Personal information
- Date of birth: 26 January 1946
- Place of birth: Grasse, France
- Date of death: 30 January 2023 (aged 77)
- Place of death: Grasse, France
- Height: 1.74 m (5 ft 9 in)
- Position: Striker

Senior career*
- Years: Team / Apps / (Gls)
- 1962–1963: Cannes / 20 / (5)
- 1963–1964: Stade Français / 22 / (5)
- 1964–1969: Nice / 153 / (49)
- 1969–1971: Marseille / 65 / (31)
- 1971–1975: Nice / 120 / (28)
- 1975–1981: Cannes / 175 / (34)
- Total:  / 555 / (152)

International career
- 1967–1974: France / 36 / (10)

Managerial career
- 1980–1982: Cannes

= Charly Loubet =

French footballer (1946–2023)

Charly Loubet (26 January 1946 – 30 January 2023) was a French footballer who played as a striker.
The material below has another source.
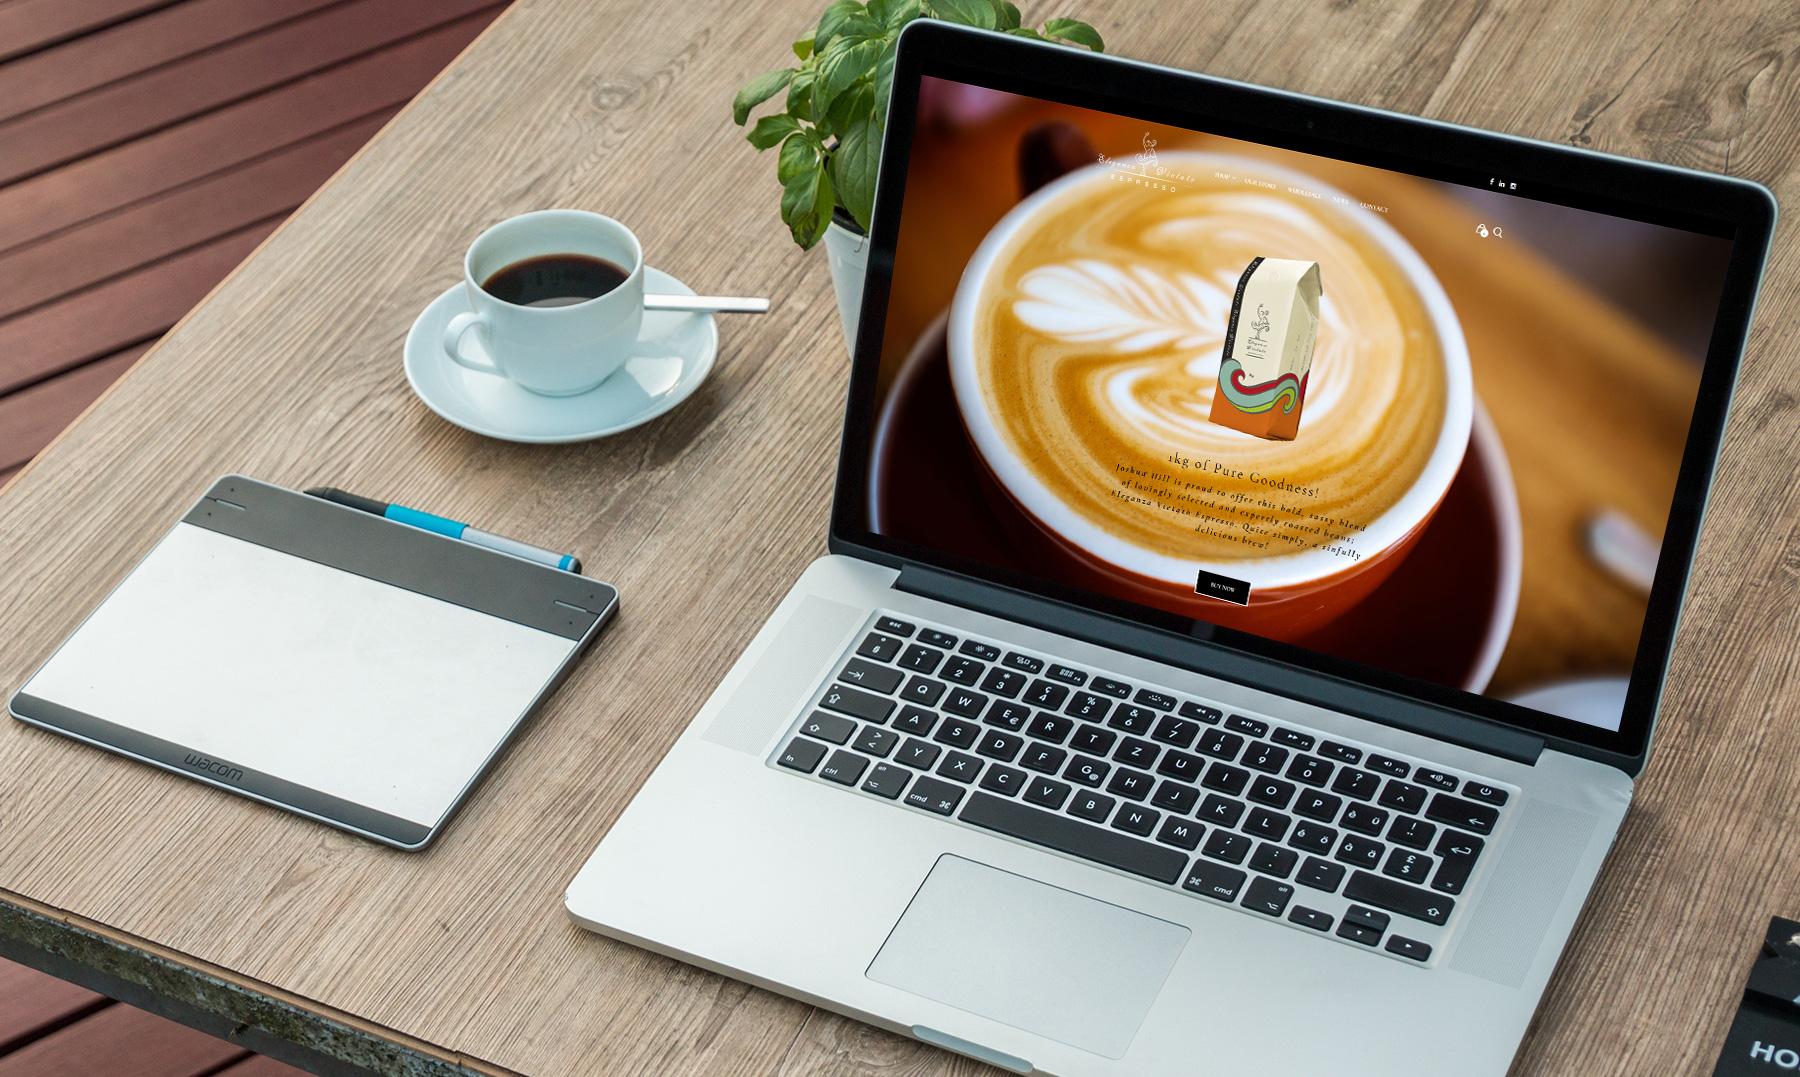 e commerce website coffee beans
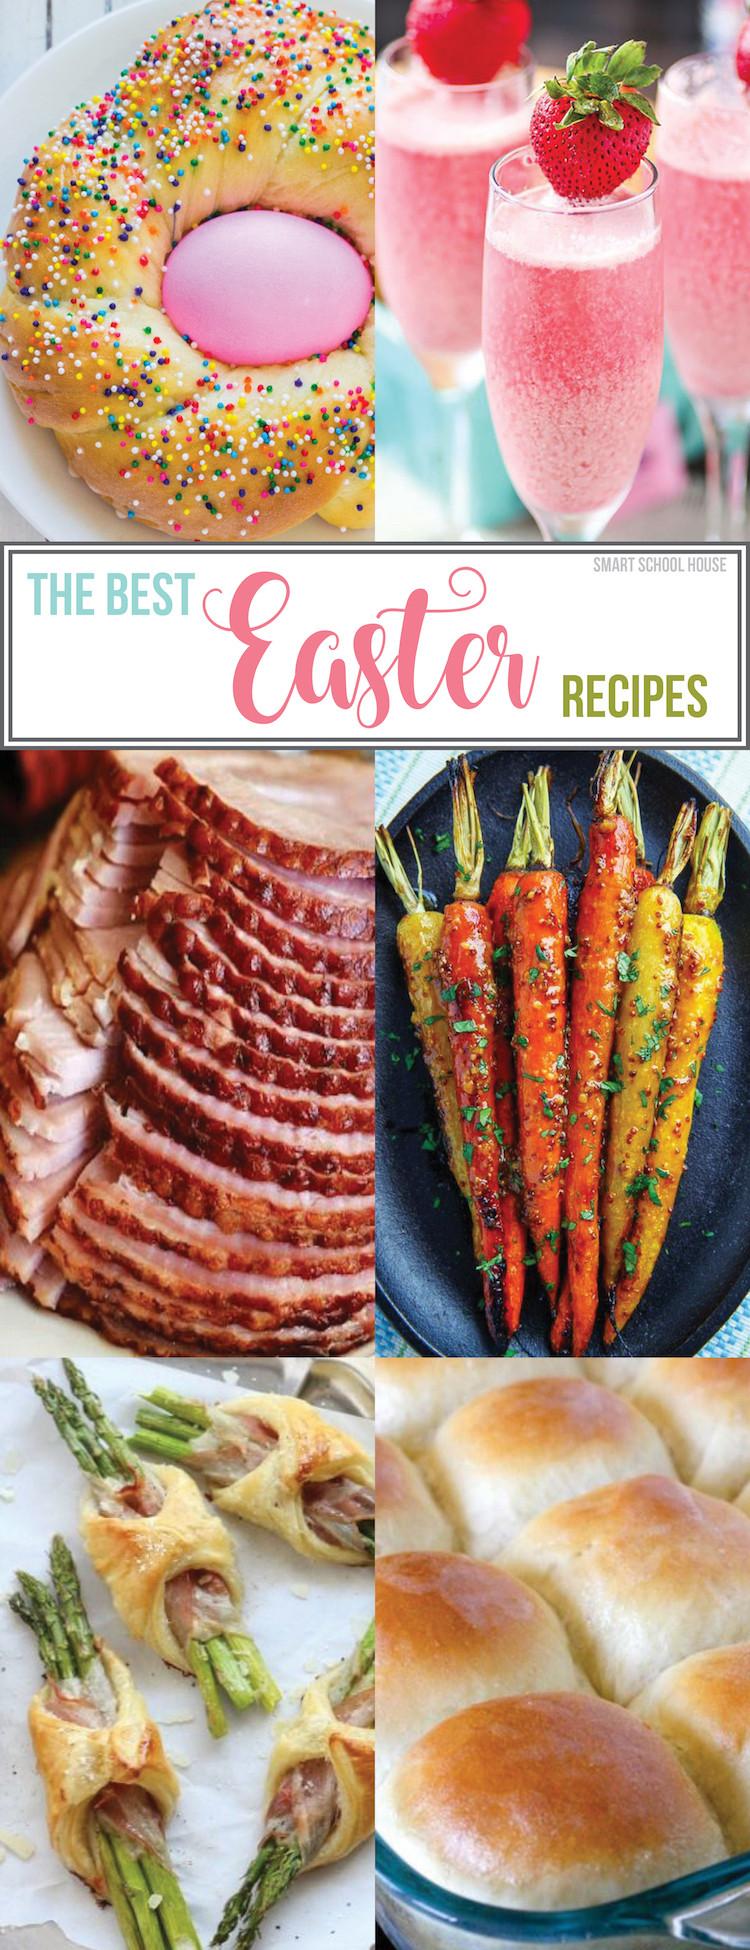 Easter Brunch Desserts  The Best Easter Recipes Smart School House

In 1962, he became the youngest professional football player in France by signing with AS Cannes. After that, he played all his career in France, playing for Stade Français, two spells at OGC Nice and Olympique Marseille before returning to AS Cannes, where he became coach. He earned 36 caps for France in the 1970s, scoring 10 goals.

Loubet died on 30 January 2023, at the age of 77.